__To do__: The answer must be an exact copy of the lines from the one holding "Lorenlli Ajuste PIERYOGA" through the final line of the entries, and nothing else.

▶

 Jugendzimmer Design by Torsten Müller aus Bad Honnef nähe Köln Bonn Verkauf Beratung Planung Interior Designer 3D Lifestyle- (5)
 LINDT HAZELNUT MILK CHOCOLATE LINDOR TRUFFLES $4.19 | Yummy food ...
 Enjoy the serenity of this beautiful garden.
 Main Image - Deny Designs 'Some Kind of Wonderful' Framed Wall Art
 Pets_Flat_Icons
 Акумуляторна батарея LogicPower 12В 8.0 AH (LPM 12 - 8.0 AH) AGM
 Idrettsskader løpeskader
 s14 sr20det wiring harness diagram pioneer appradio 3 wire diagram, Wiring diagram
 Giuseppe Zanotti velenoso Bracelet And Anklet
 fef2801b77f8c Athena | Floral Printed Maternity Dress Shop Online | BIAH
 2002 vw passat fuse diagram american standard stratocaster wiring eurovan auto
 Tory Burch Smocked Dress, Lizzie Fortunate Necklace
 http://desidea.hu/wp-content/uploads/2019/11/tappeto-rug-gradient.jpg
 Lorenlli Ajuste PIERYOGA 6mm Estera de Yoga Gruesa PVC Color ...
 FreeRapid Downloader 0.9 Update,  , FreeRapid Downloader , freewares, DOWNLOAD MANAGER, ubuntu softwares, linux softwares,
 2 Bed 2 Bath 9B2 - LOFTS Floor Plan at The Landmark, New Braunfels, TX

◀

__Answer space__:
 Lorenlli Ajuste PIERYOGA 6mm Estera de Yoga Gruesa PVC Color ...
 FreeRapid Downloader 0.9 Update,  , FreeRapid Downloader , freewares, DOWNLOAD MANAGER, ubuntu softwares, linux softwares,
 2 Bed 2 Bath 9B2 - LOFTS Floor Plan at The Landmark, New Braunfels, TX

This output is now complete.